START DATA PROVIDED

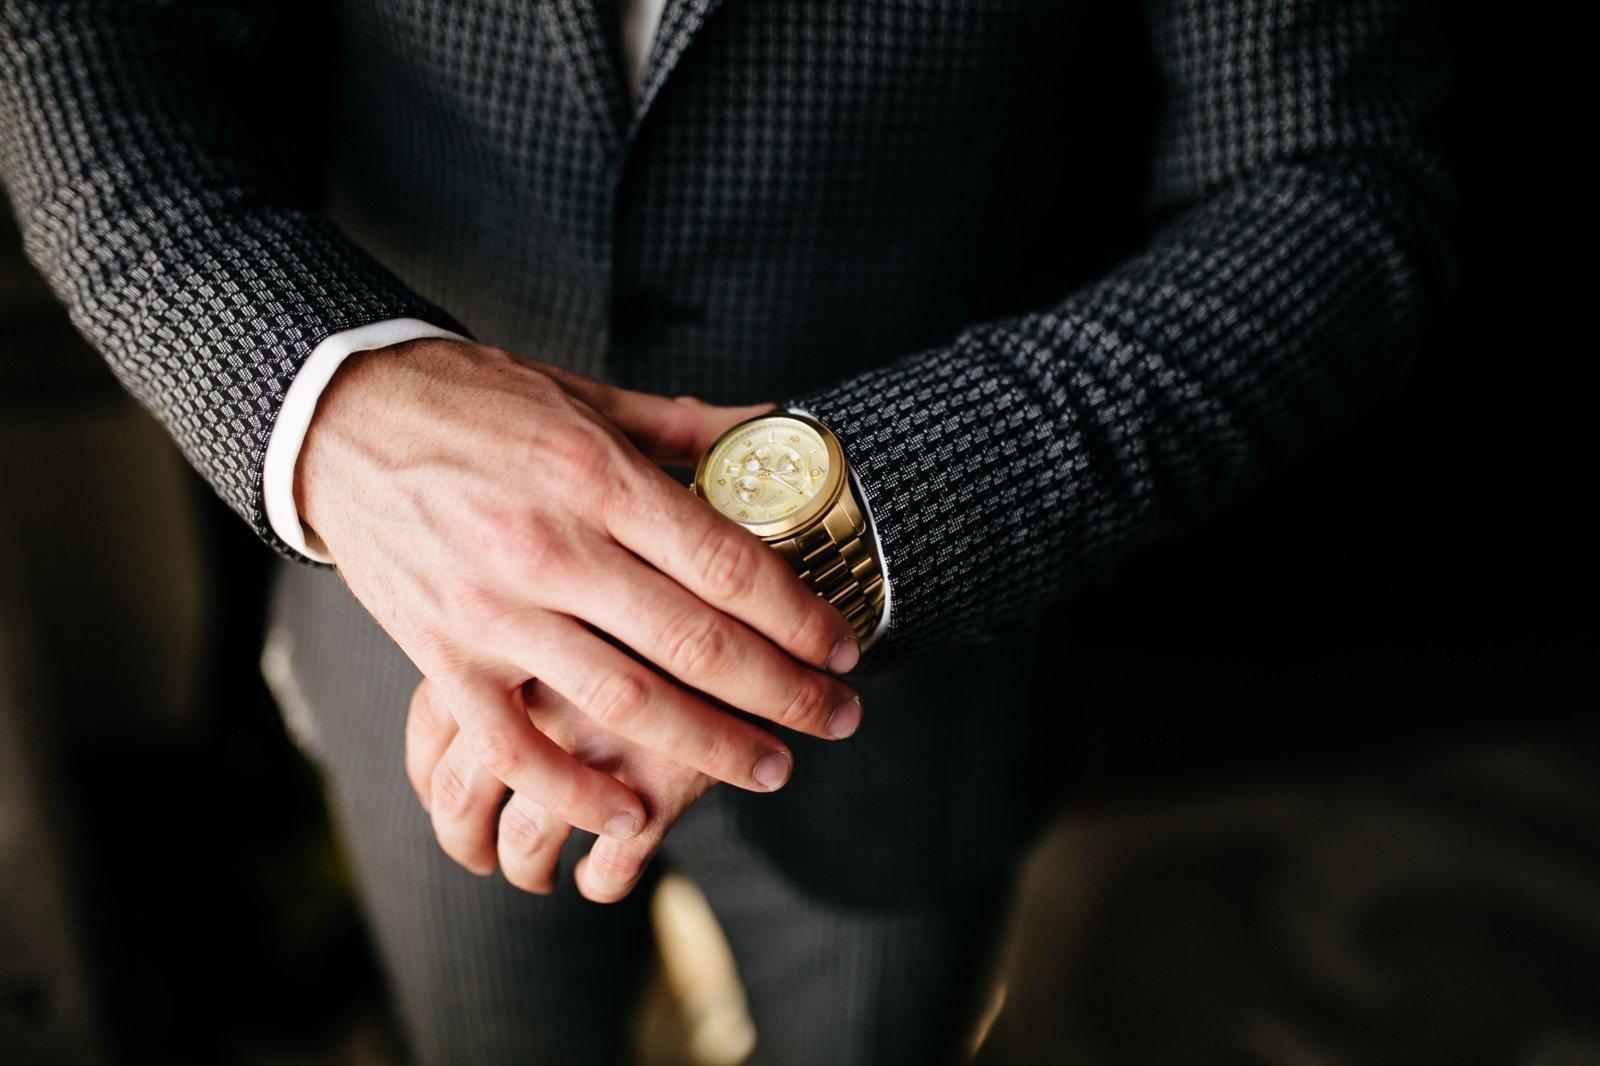 Iš įmonės kišenės – tūkstantinės sumos asmeniniams poreikiams ir pikantiški pirkiniai
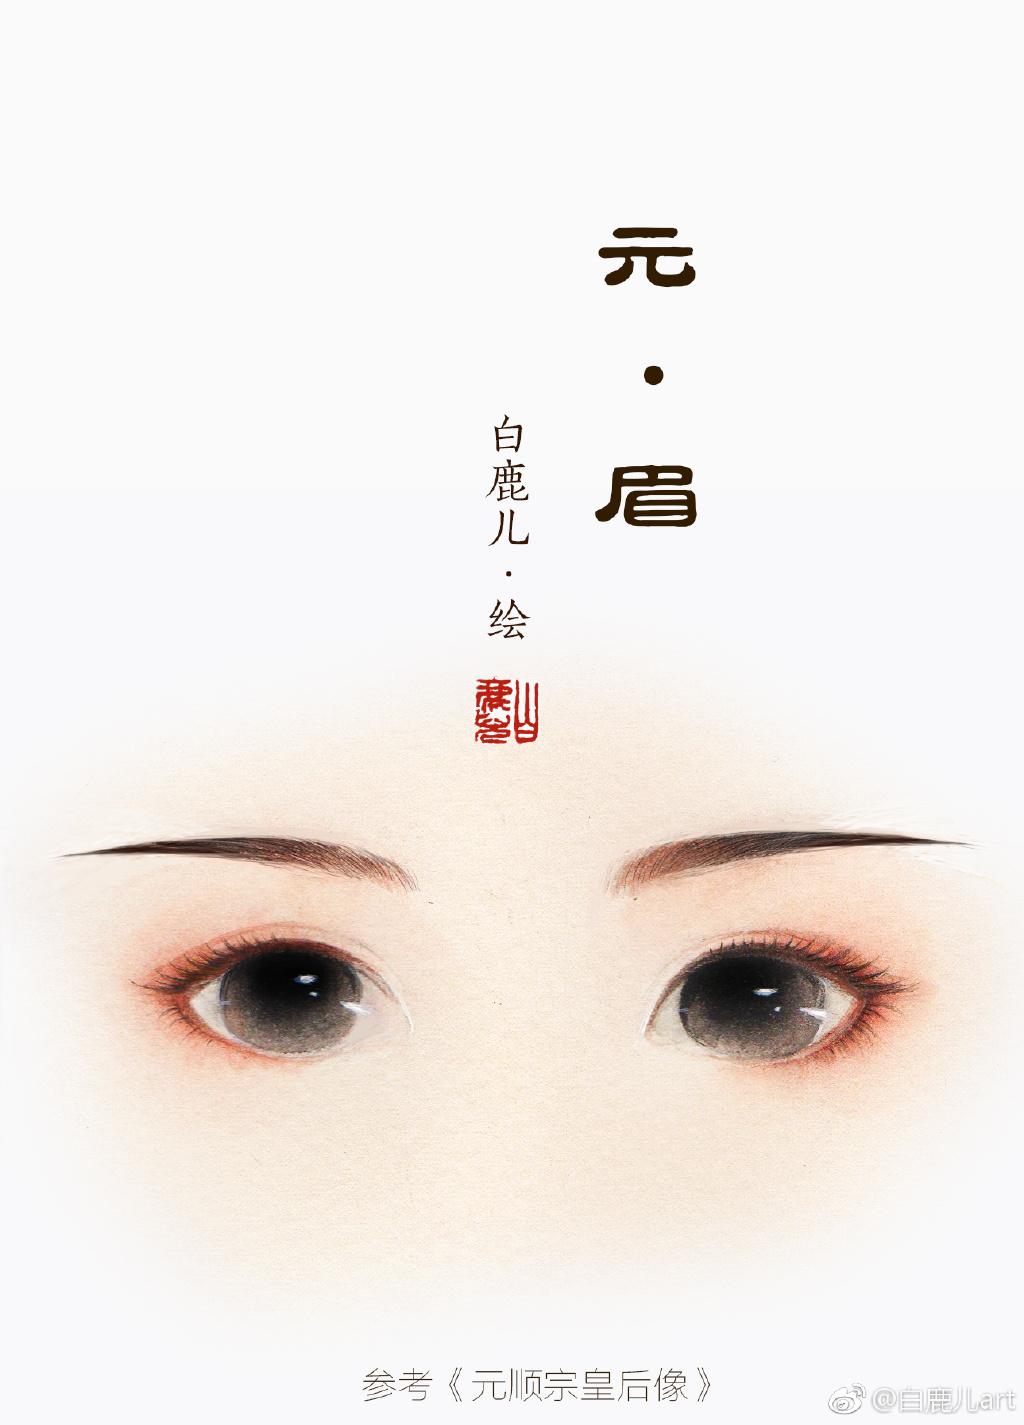 如何描绘古风女子眉毛?不同种类眉毛的图集
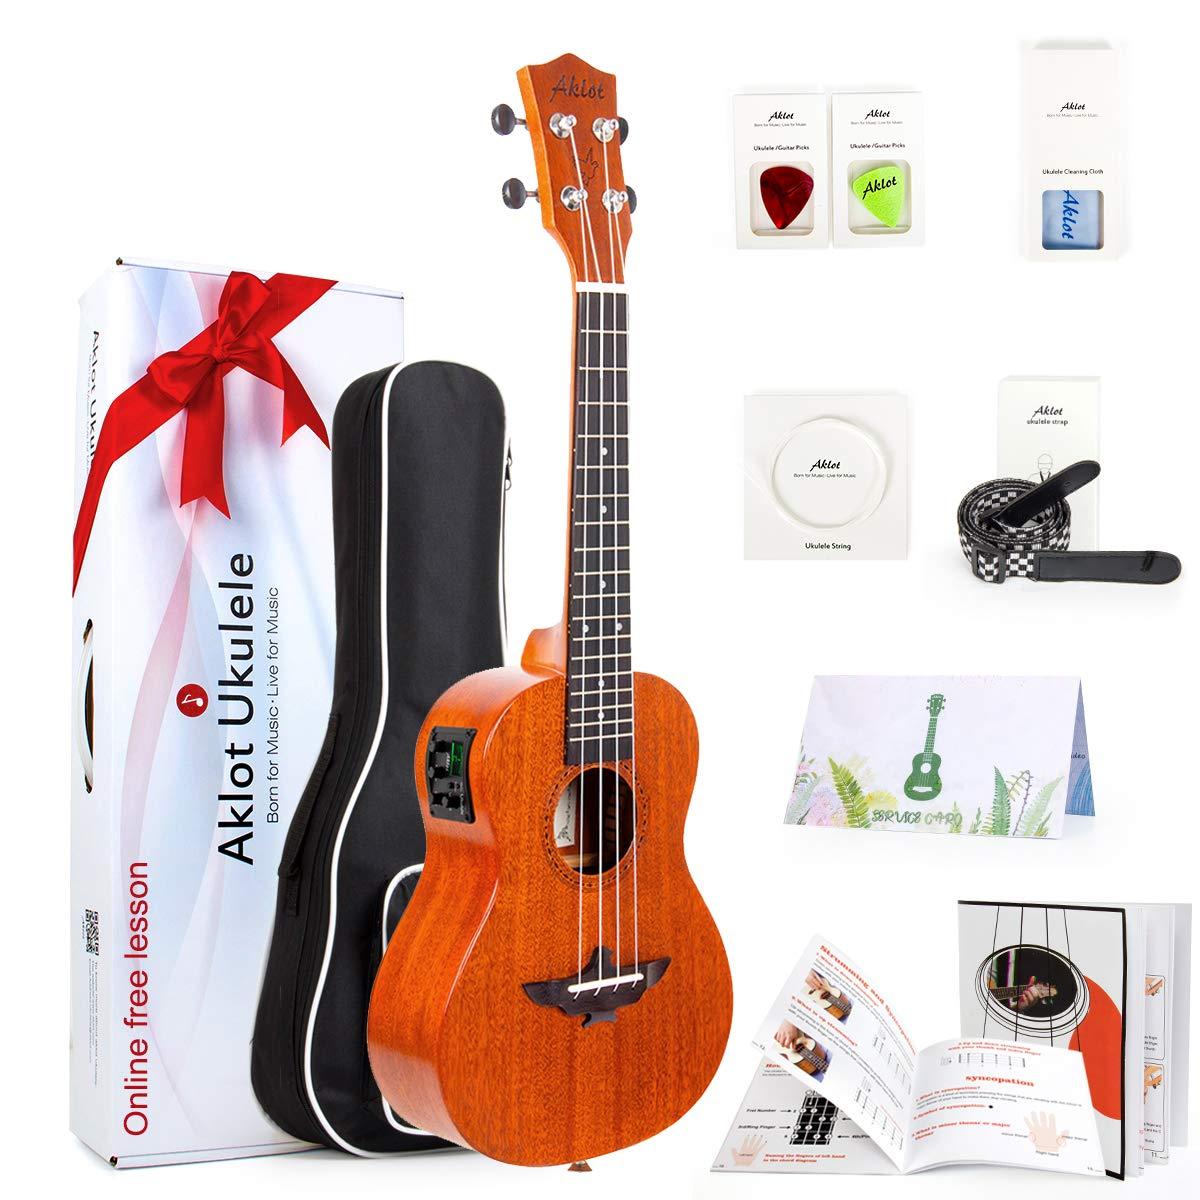 AKLOT 26 Electric ukulele Electric Acoustic Tenor Ukulele Solid Mahogany Ukelele 26'' Beginners Starter Kit with Free Online Courses and Ukulele Accessories (AKET26), Electric 26 by AKLOT (Image #1)
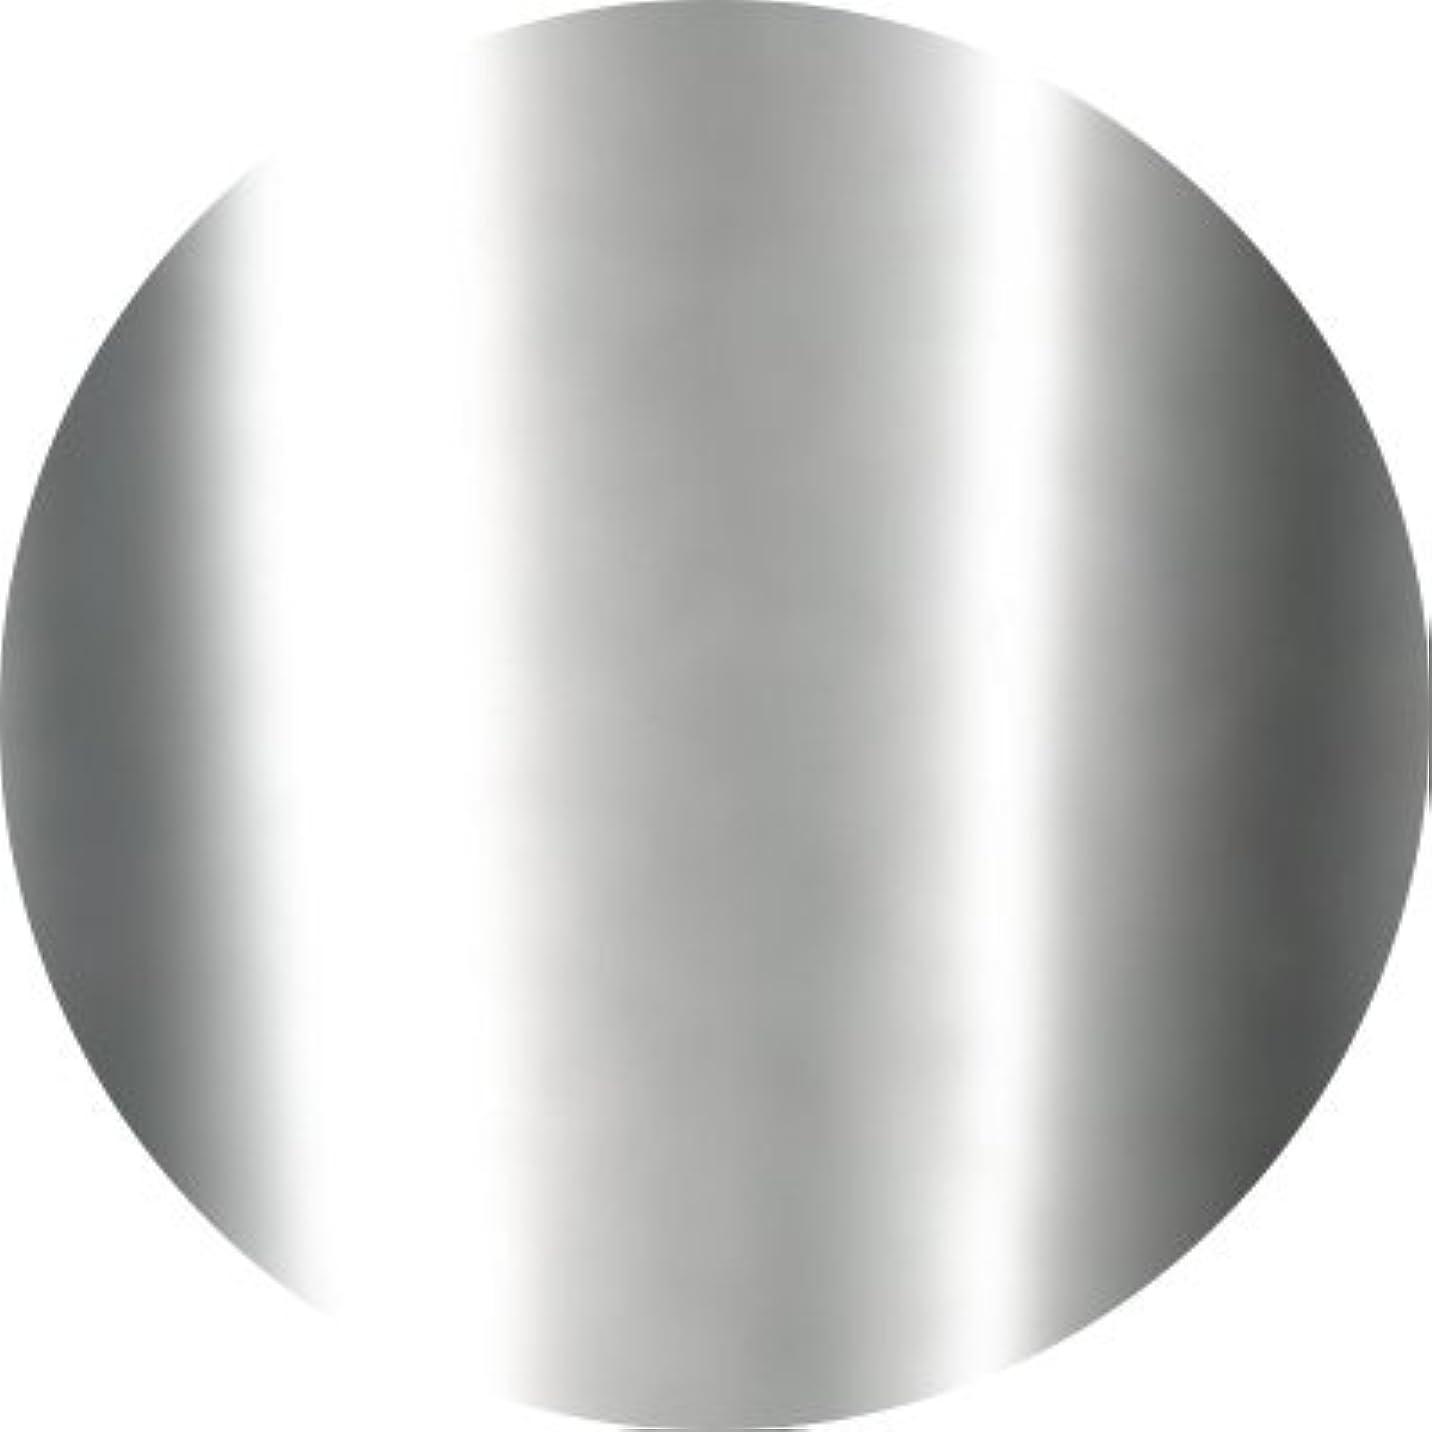 スペシャリスト名門窒息させるJewelry jel(ジュエリージェル) カラージェル 5ml<BR>ピッカピカメタリック MKシルバー
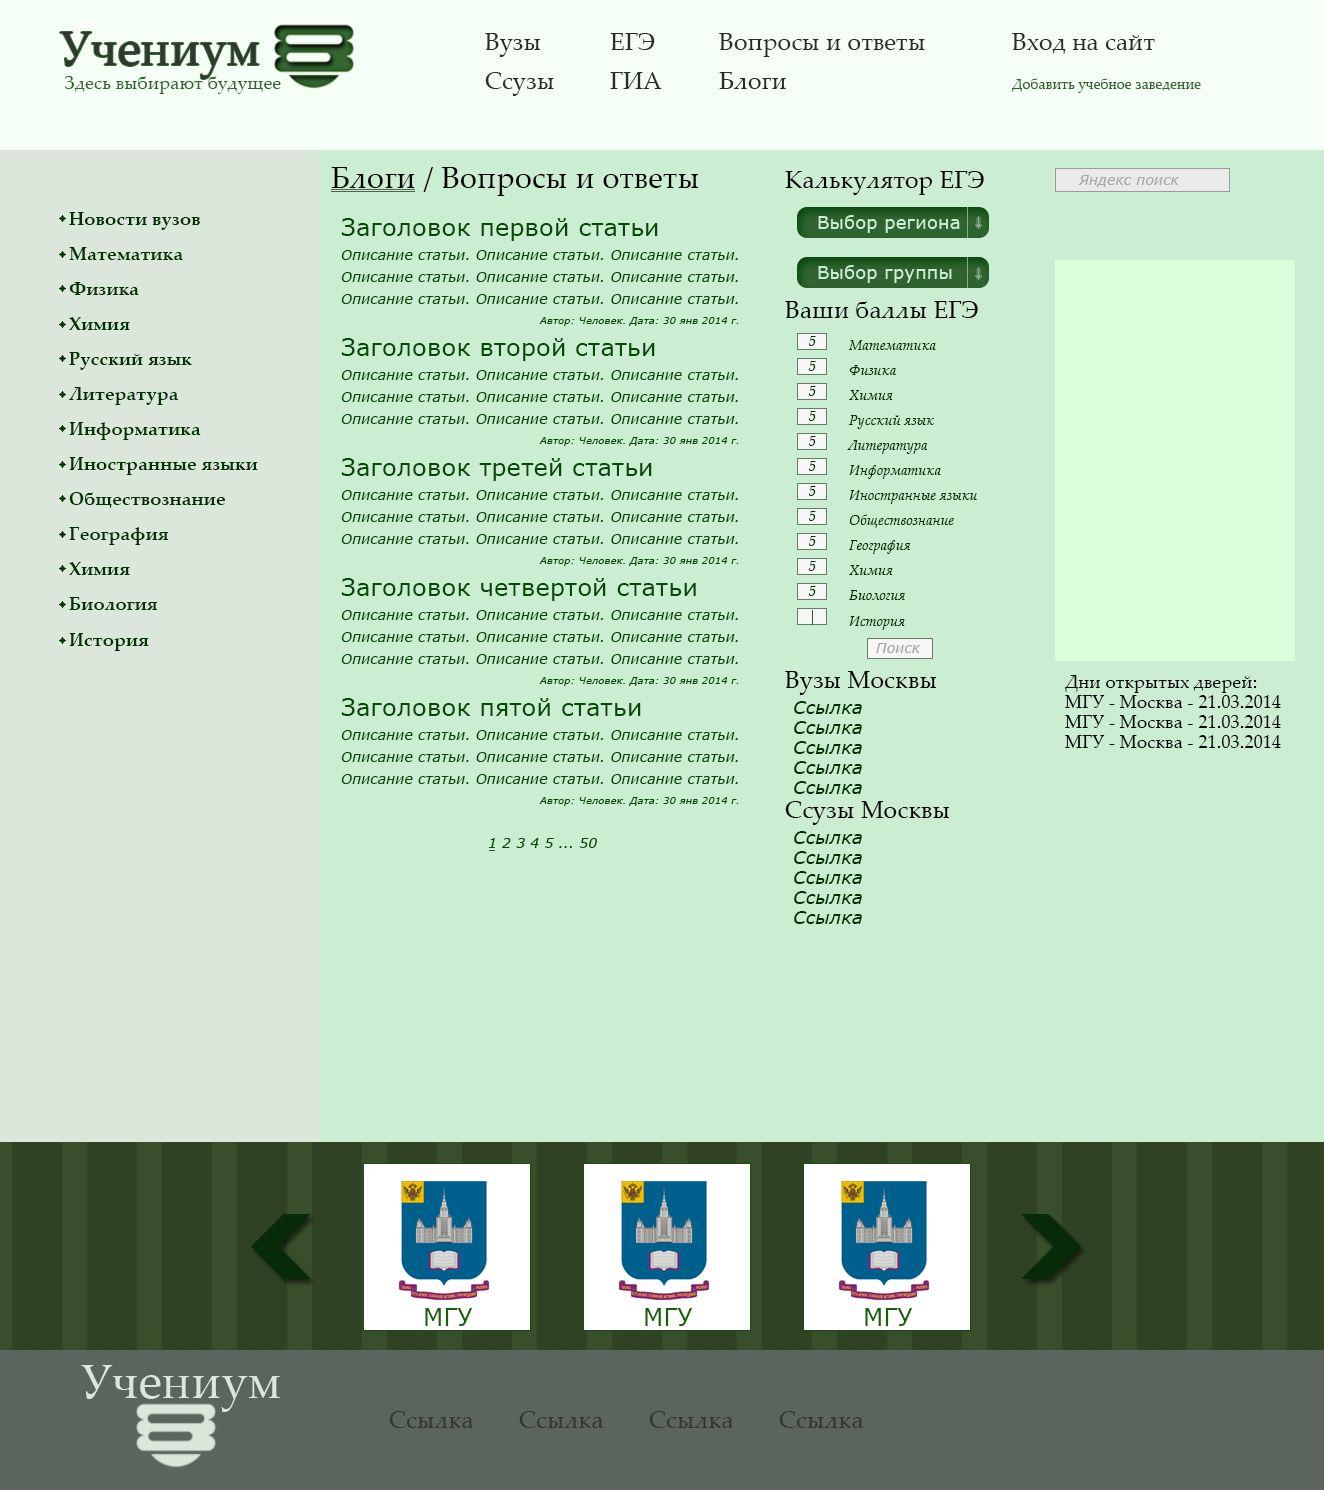 Дизайн для информационного сайта - дизайнер SinusFlex

END DATA PROVIDED

EXERCISE DESCRIPTION => Once the pictures are set aside, give the rest of the material again unchanged.

ANSWER TO THE EXERCISE =>
 Iš įmonės kišenės – tūkstantinės sumos asmeniniams poreikiams ir pikantiški pirkiniai
 如何描绘古风女子眉毛?不同种类眉毛的图集
 AKLOT 26 Electric ukulele Electric Acoustic Tenor Ukulele Solid Mahogany Ukelele 26'' Beginners Starter Kit with Free Online Courses and Ukulele Accessories (AKET26), Electric 26 by AKLOT (Image #1)
 スペシャリスト名門窒息させるJewelry jel(ジュエリージェル) カラージェル 5ml<BR>ピッカピカメタリック MKシルバー
 Дизайн для информационного сайта - дизайнер SinusFlex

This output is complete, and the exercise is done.